In non-flowing functions, for example addition (+) and inner
products (inner), the transformation is installed just as
in flowing functions but then the transformation is immediately
executed and destroyed (breaking the link between input and output args)
before the function returns.
It should be noted that the close link between input and output args of a flowing function requires that piddle objects that are linked in such a way be kept alive beyond the point where they have gone out of scope from the point of view of perl:
$a = zeroes(20);
$b = $a->slice('2:4');
undef $a; # last reference to $a is now destroyed
Although $a should now be destroyed according to perl's rules
the underlying *pdl must actually only be freed when $b
also goes out of scope (since it still references
internally some of $a's data). This example demonstrates that such
a dataflow paradigm between PDL objects necessitates a special
destruction algorithm that takes the links between piddles
into account and couples the lifespan of those objects. The
non-trivial algorithm is implemented in the function
pdl_destroy in pdlapi.c.
pdl_transAll transformations are implemented as structures
struct XXX_trans {
int magicno; /* to detect memory overwrites */
short flags; /* state of the trans */
pdl_transvtable *vtable; /* the all important vtable */
void (*freeproc)(struct pdl_trans *); /* Call to free this trans
(in case we had to malloc some stuff dor this trans) */
pdl *pdls[NP]; /* The pdls involved in the transformation */
int __datatype; /* the type of the transformation */
/* in general more members
/* depending on the actual transformation (slice, add, etc)
*/
};
The transformation identifies all pdls involved in the trans
pdl *pdls[NP];
with NP depending on the number of piddle args of the particular
trans. It records a state
short flags;
and the datatype
int __datatype;
of the trans (to which all piddles must be converted unless they are explicitly typed).
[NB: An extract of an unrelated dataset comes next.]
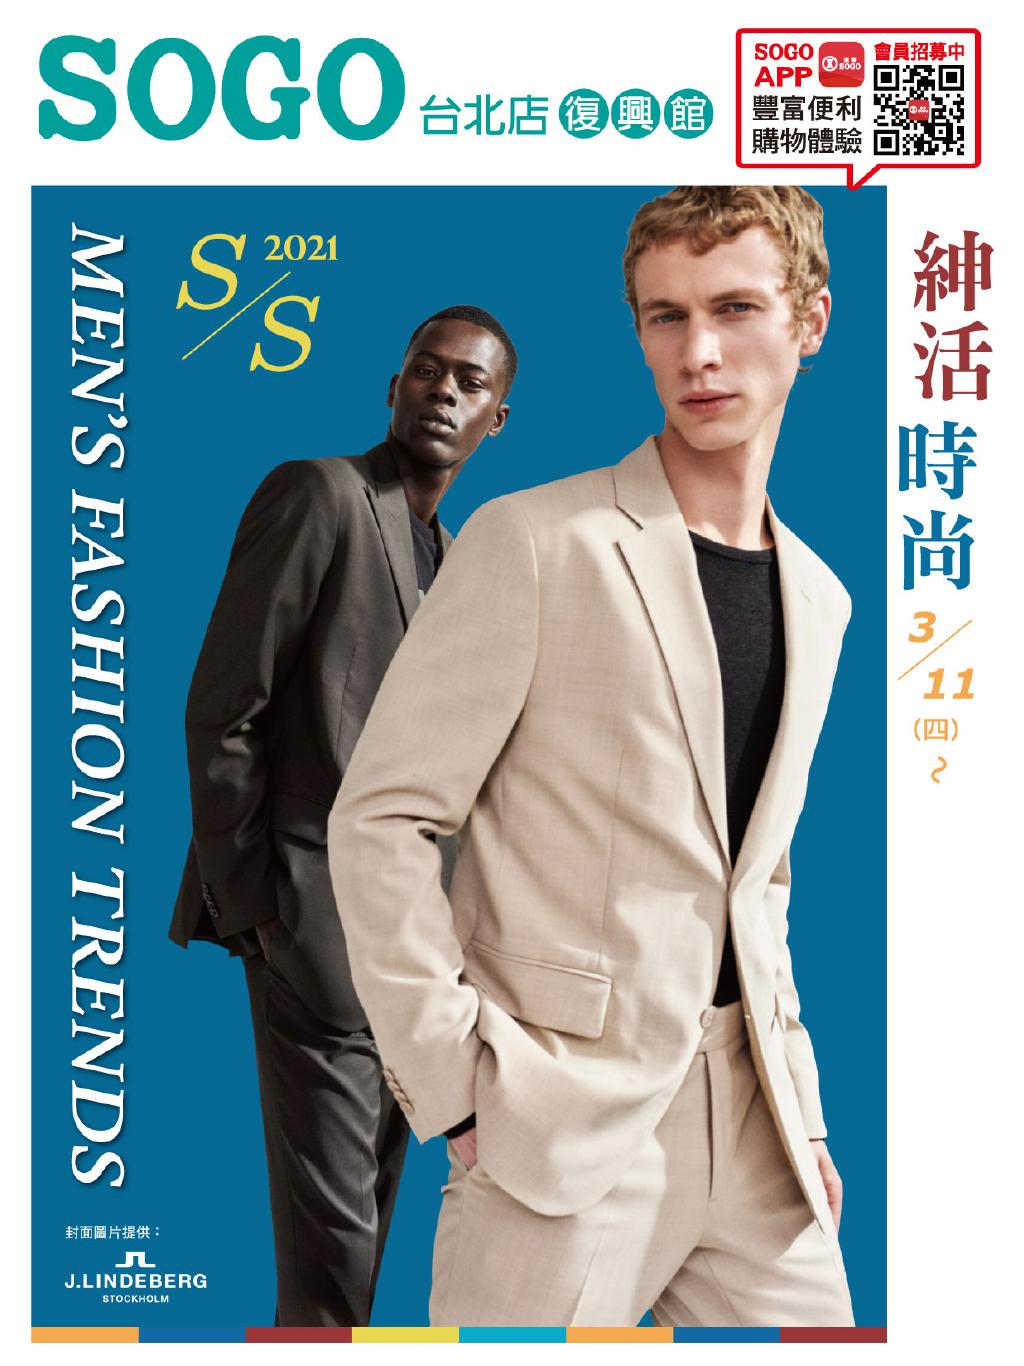 SOGO《台北復興館》「紳活時尚 2021 S/S MEN'S FASHION TRENDS」

Most important is the pointer to the vtable that contains the actual functionality
pdl_transvtable *vtable;
The vtable structure in turn looks something like (slightly simplified from pdl.h for clarity)
typedef struct pdl_transvtable {
pdl_transtype transtype;
int flags;
int nparents; /* number of parent pdls (input) */
int npdls; /* number of child pdls (output) */
char *per_pdl_flags; /* optimization flags */
void (*redodims)(pdl_trans *tr); /* figure out dims of children */
void (*readdata)(pdl_trans *tr); /* flow parents to children */
void (*writebackdata)(pdl_trans *tr); /* flow backwards */
void (*freetrans)(pdl_trans *tr); /* Free both the contents and it of
the trans member */
pdl_trans *(*copy)(pdl_trans *tr); /* Full copy */
int structsize;
char *name; /* For debuggers, mostly */
} pdl_transvtable;
We focus on the callback functions:
void (*redodims)(pdl_trans *tr);
redodims will work out the dimensions of piddles that need
to be created and is called from within the API function that
should be called to ensure that the dimensions of a piddle are
accessible (pdlapi.c):
void pdl_make_physdims(pdl *it)
readdata and writebackdata are responsible for the actual
computations of the child data from the parents or parent data
from those of the children, respectively (the dataflow aspect).
The PDL core makes sure that these are called as needed when
piddle data is accessed (lazy-evaluation). The general API
function to ensure that a piddle is up-to-date is
void pdl_make_physvaffine(pdl *it)
which should be called before accessing piddle data from XS/C (see Core.xs for some examples).
freetrans frees dynamically allocated memory associated
with the trans as needed and copy can copy the transformation.
The transformation and vtable code is hardly ever written by
hand but rather generated by PDL::PP from concise descriptions
(see the example of the definition of inner above).
Certain types of transformations can be optimized very
efficiently obviating the need for explicit readdata
and writebackdata methods. Those transformations are
called pdl_vaffine. Most dimension manipulating
functions (e.g., slice, xchg) belong to this class.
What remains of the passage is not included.